Although PPI mis-selling has been a well-known issue in the financial services industry for some years, the case of Plevin unearthed further issues in relation to PPI sales practices which had the potential to spark a whole new wave of costly claims and redress programmes.
In Plevin, the Supreme Court ruled that a failure to disclose to a borrower that her single premium PPI policy involved commission payments amounting to 71.2% of the premium (a fact of which the borrower was not aware) made the relationship between the lender and the borrower unfair under section 140A of the Consumer Credit Act 1974. These “unfair relationship” provisions confer upon a court a notoriously wide discretion in terms of the type and level of redress it can order.

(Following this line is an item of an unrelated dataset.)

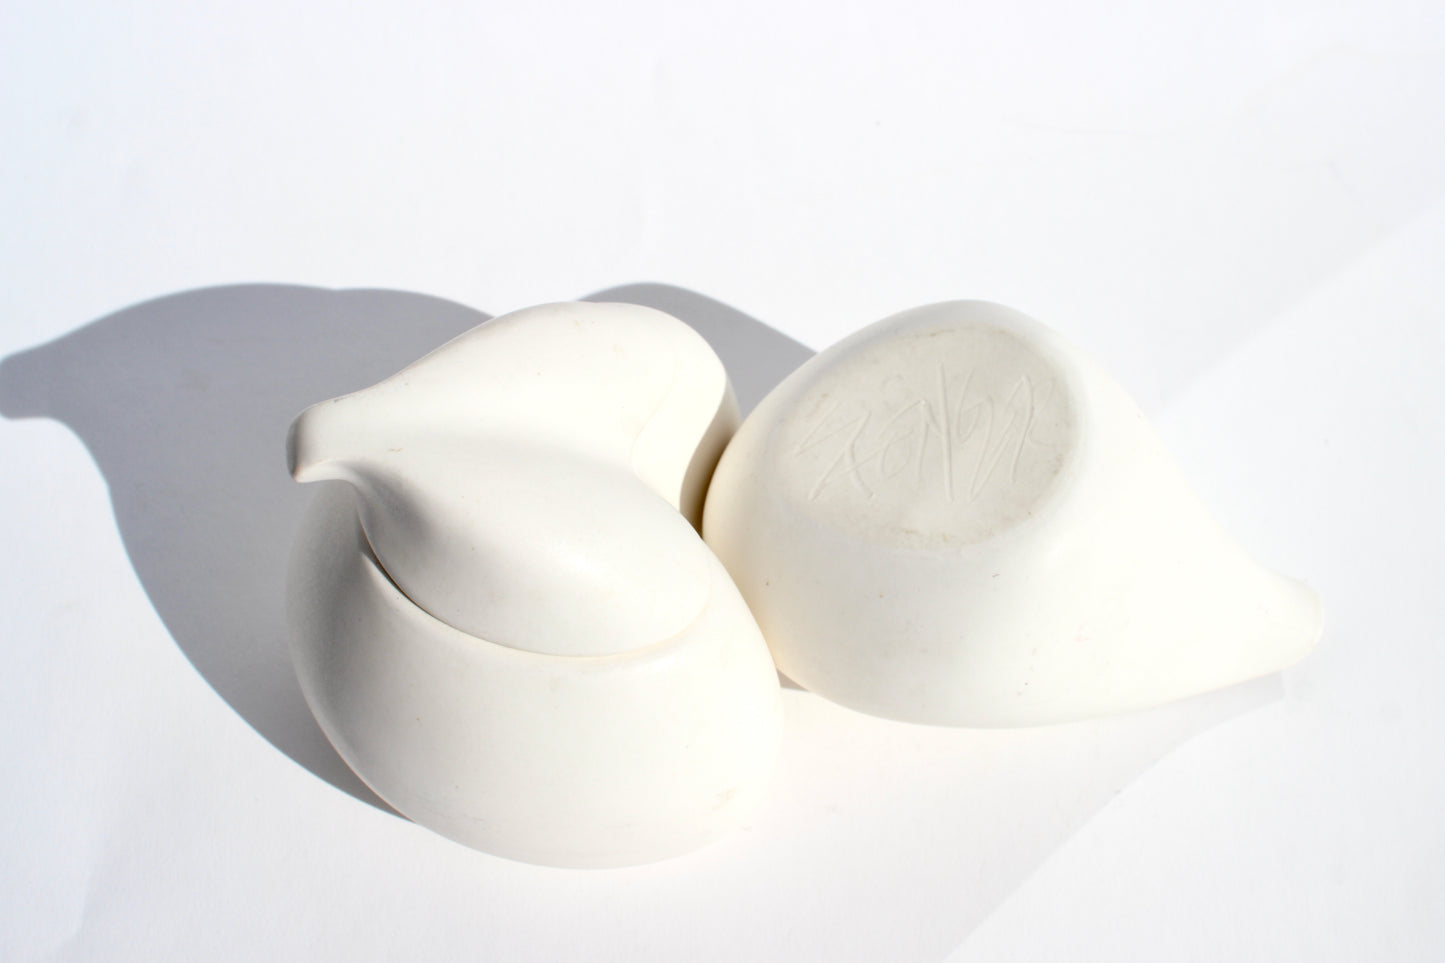 modernist sculptural sugar + cream set

The Court decided that if the borrower had known that such a large percentage of her premium was being paid as commission, she would not have bought the policy. This case had potentially serious ramifications in relation to PPI sales where a commission had been paid, and there were fears it could be applied more broadly to sales of other products involving undisclosed commissions.
In January 2015, the FCA announced that it would be gathering evidence on PPI complaints to consider whether complaints processes were working effectively, and whether any further intervention was required. This was followed by a further statement in May 2015, in which the FCA announced that it would be considering whether additional rules or guidance were required to deal with the impact of Plevin.
Since then, there has been much speculation about the potential impact of Plevin in the press and a great deal of anticipation about when the FCA would clarify its proposed approach.
Approach to general PPI complaints
In relation to PPI mis-selling complaints generally, the FCA has indicated that it will launch a consultation by the end of the year on the introduction of a deadline by which consumers will need to raise PPI complaints with firms or otherwise lose their right to redress. The FCA has indicated that it will propose a deadline of two years from the date of any new rules, and that it would not expect this deadline to be earlier than Spring 2018.
Alongside this, the FCA also proposes to run a consumer communications campaign, designed to prompt consumers to complain in advance of the deadline.
The FCA indicates that the reason for proposing these measures is that recent trends indicate that a growing proportion of PPI claims are handled through claims management companies, increasing numbers of claims are based on older, “stale” evidence, there are more invalid claims and there is a level of inertia amongst those with potential complaints.
The FCA believes that the intervention proposed will bring certainty and finality to the PPI saga, something which would no doubt be welcomed by the industry.
Proposals in light of Plevin
The FCA will also consult on proposed rules and guidance concerning the fair handling of PPI complaints in cases where the customer paid an undisclosed commission, with such complaints also being subject to the proposed two-year deadline.
The FCA states that its proposed rules and guidance would only apply in cases where full redress was not payable and/or had not already been paid under the FCA’s current PPI complaint handling rules.
The rules would include a presumption that a failure to disclose a commission of 50% or more gave rise to an unfair relationship under section 140A of the Consumer Credit Act 1974 - a relatively high threshold, although the FCA also plans to consult on limited circumstances where the non-disclosure of commission of less than 50% could be regarded as giving rise to an unfair relationship.
Where an unfair relationship is deemed to have arisen, the rules would require the firm to pay redress, to be calculated by reference to the amount by which the commission paid exceeded 50% of the premium paid. Again, this seems fairly generous to firms, although they would also be required to consider whether the particular circumstances of any case meant that they ought to pay more redress.
It is noteworthy that the FCA does not propose to require, and states that it does not expect, firms to proactively review PPI sales, or previously rejected complaints, against the new rules and guidance. Rather, they will only need to address issues on a reactive basis if they receive a complaint.
Firms affected by PPI mis-selling likely will be relieved at the prospect of a line being drawn under the scandal, albeit that they may not feel the benefit for some time, and may first have to deal with a surge of last-minute claims before the deadline.
The FCA’s statement will also provide some comfort to an industry already beleaguered by redress schemes which feared that the FCA could have used Plevin as a means to require firms to conduct further lengthy and costly reviews into their PPI sales.
Under the proposals as detailed, not only would firms not have to undertake proactive redress programmes, but it appears that in most cases they would not be required to pay redress unless the level of commission was very high, and in any event the amount of redress payable in each case will also be reasonably limited.
The statement also provides a potential reprieve to those not involved in PPI sales, but who believed the FCA might have used Plevin to require redress to be paid in respect of other products sold through brokers where undisclosed commissions were paid by customers.